**Input data:**

::::::::::

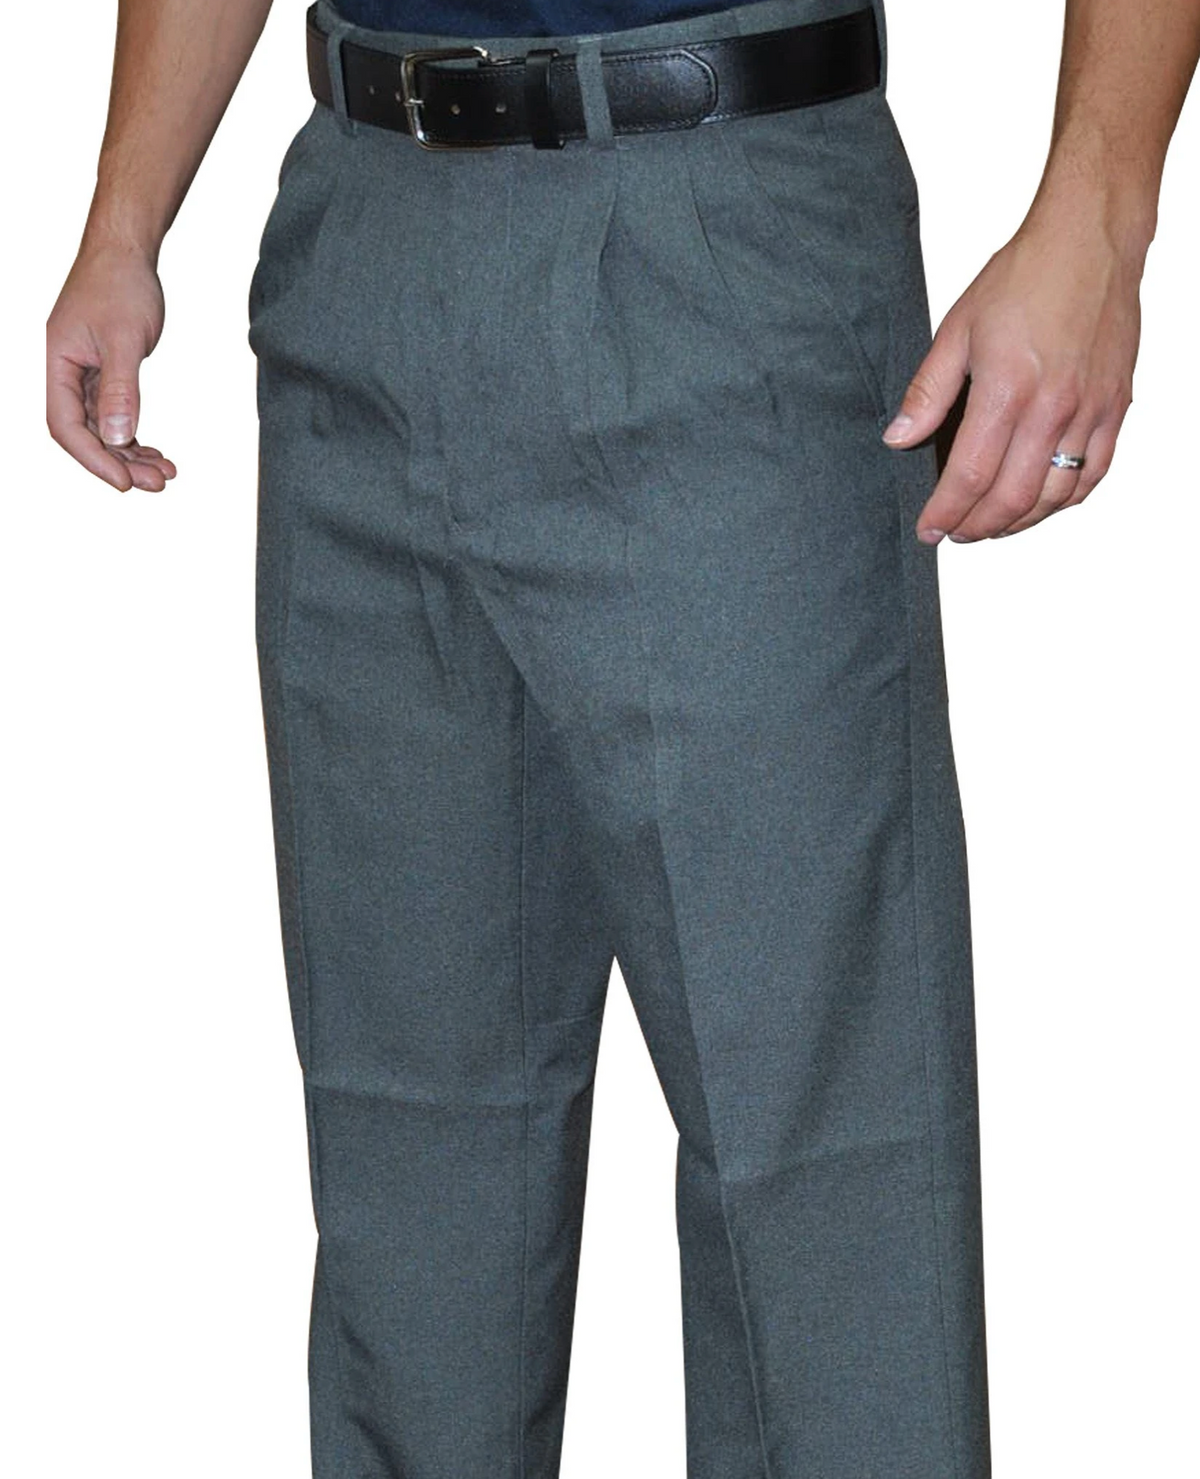 smitty | BBS-374 | Pantalón básico plisado con banda expansora en la cintura | Béisbol Softbol
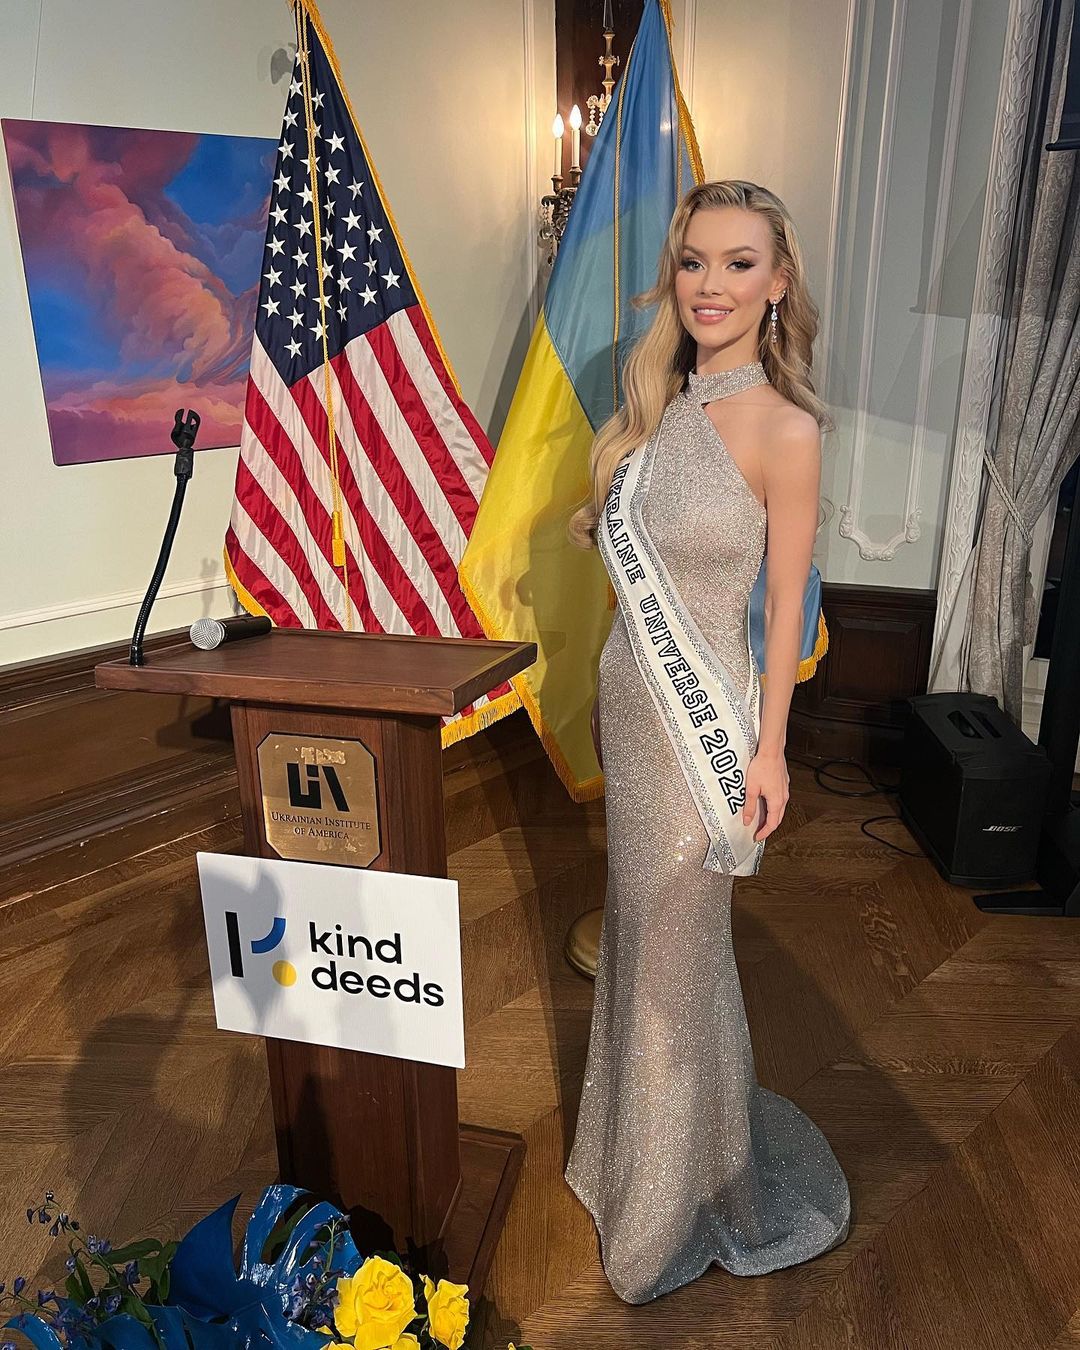 "Міс Україна Всесвіт" продала костюм "Воїн світла" за шалені гроші: на що витратила кошти
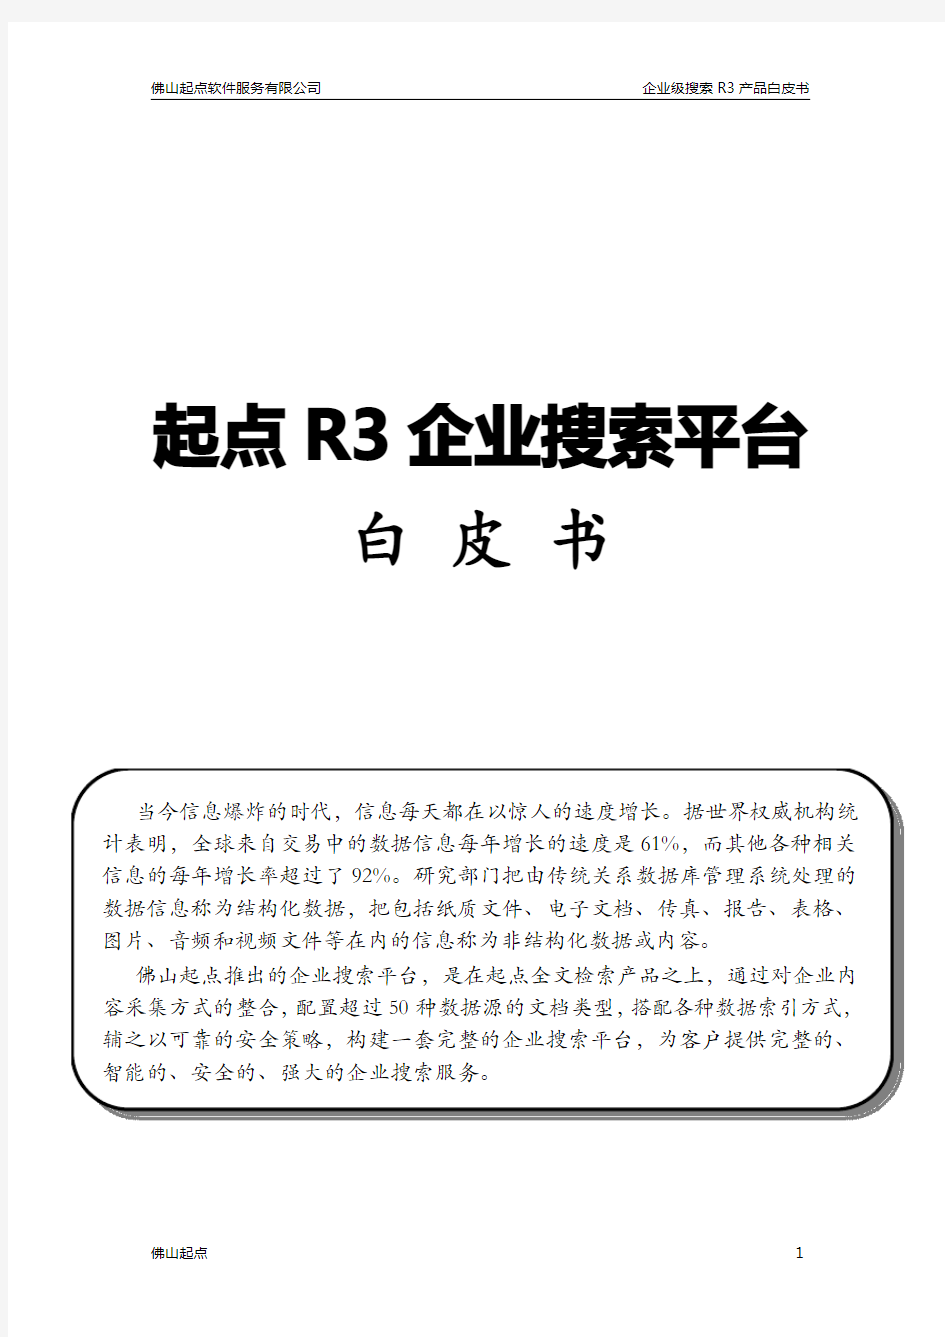 佛山起点软件服务有限公司企业搜索平台R3白皮书

::::::::::

**Activity:**
Return, exactly as they stand, all of the lines above, but not the pictures.

**Answer section:**
 smitty | BBS-374 | Pantalón básico plisado con banda expansora en la cintura | Béisbol Softbol
 "Міс Україна Всесвіт" продала костюм "Воїн світла" за шалені гроші: на що витратила кошти
 佛山起点软件服务有限公司企业搜索平台R3白皮书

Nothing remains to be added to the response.